3. Food, Food Everywhere
Everywhere you turn, there are opportunities to eat -- at drive-through restaurants, vending machines, even gas stations. And when food is in front of us, we tend to eat more of it, experts say.
Wansink and colleagues found that when candy was easily accessible on workers' desks, they ate an average of nine pieces a day, and didn't realize how many they ate. But when the candy was kept in their desk drawers, they ate about six pieces per day. And when they had to get up from their desks to reach the candy six feet away, they only ate four pieces.
Curb your instinct to overeat sweets and snacks by moving them out of sight -- and putting more healthful foods into plain view. Resist the urge to splurge on unhealthy foods by carrying your own healthy snacks.

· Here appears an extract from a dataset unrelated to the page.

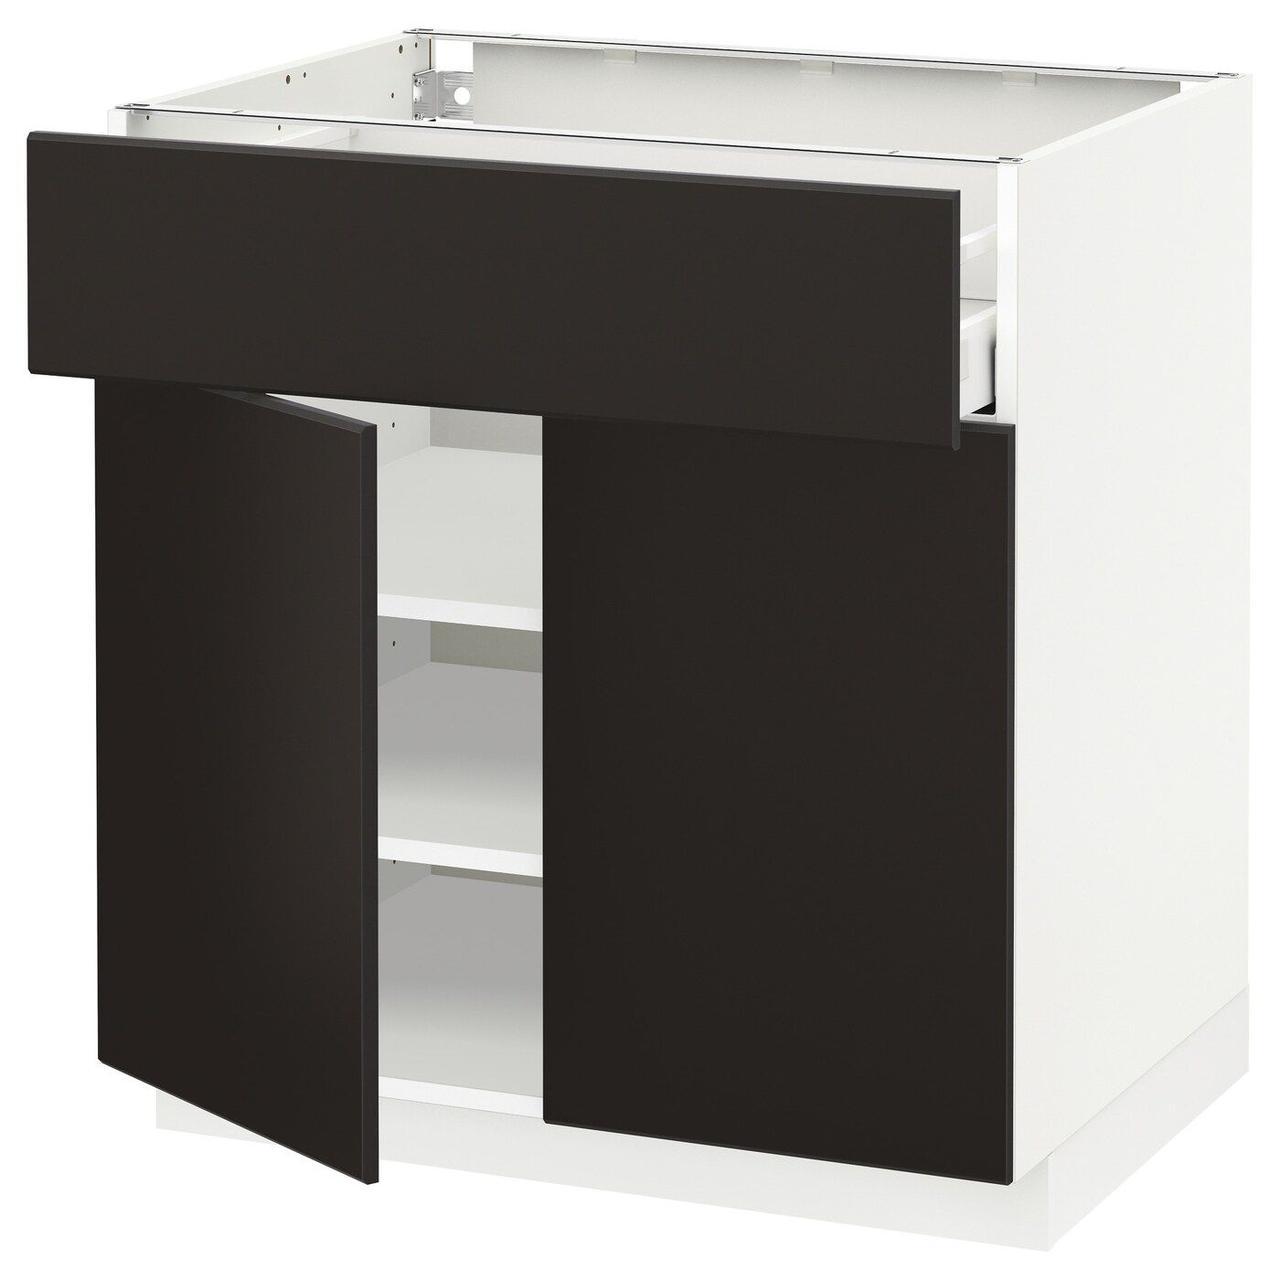 IKEA METOD / MAXIMERA (ІКЕА МЕТОДИ / MAXIMERA) 39377695
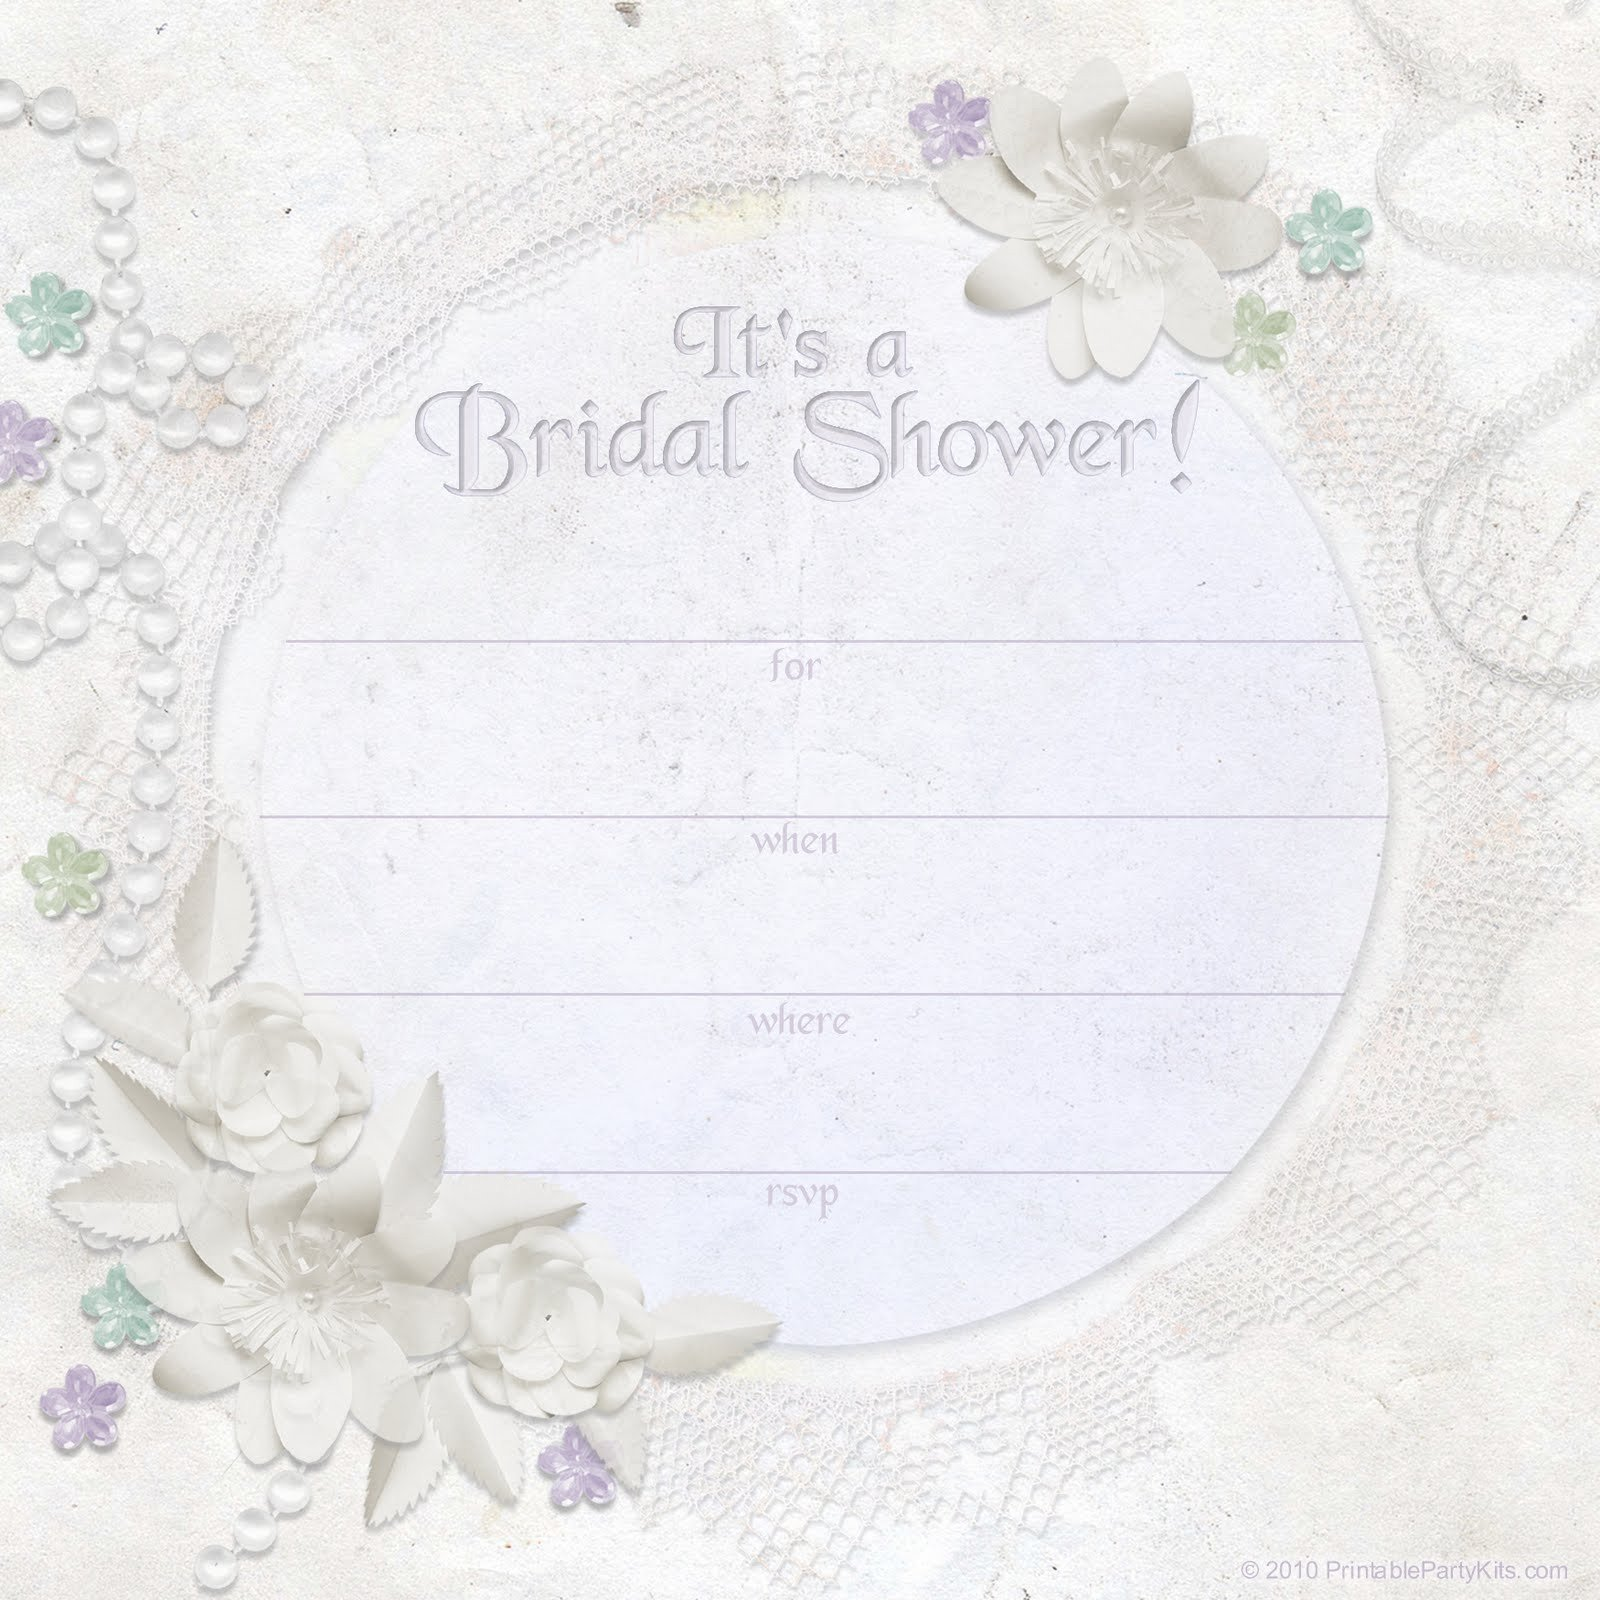 Free Bridal Shower Templates Free Printable Bridal Shower Invitations

4. Food that's Fast, Convenient, and Inexpensive
Fast-food restaurants on every corner offering inexpensive food also encourage us to eat more and more often. Combo meal deals sound like a bargain, but they are loaded with fat, sodium, and calories.
Also, "when you eat lots of fast food, it all starts to taste the same, and you can become satisfied with a small range of flavors and sometimes it is hard to get enough," says Moores.
To help yourself resist the temptation, work on developing a taste for the subtle, natural flavors of food, suggests Moores.
Dietitians recommend limiting visits to fast-food restaurants to once a week. And, they say, choose the healthier menu options -- like salads and grilled chicken sandwiches -- even if they cost a little more.
5. Portion Distortion
Our idea of a normal portion has become skewed, in part because so many restaurants serve oversized portions. "Giant portions seem to have evolved into the norm, and many people have trouble understanding how much they should eat," Moores says.
To understand what a portion should look like, pull out the measuring cups, and see how your portions stack up against WebMD's Portion Size Plate tool or the standards from the U.S. government's mypyramid.gov web site.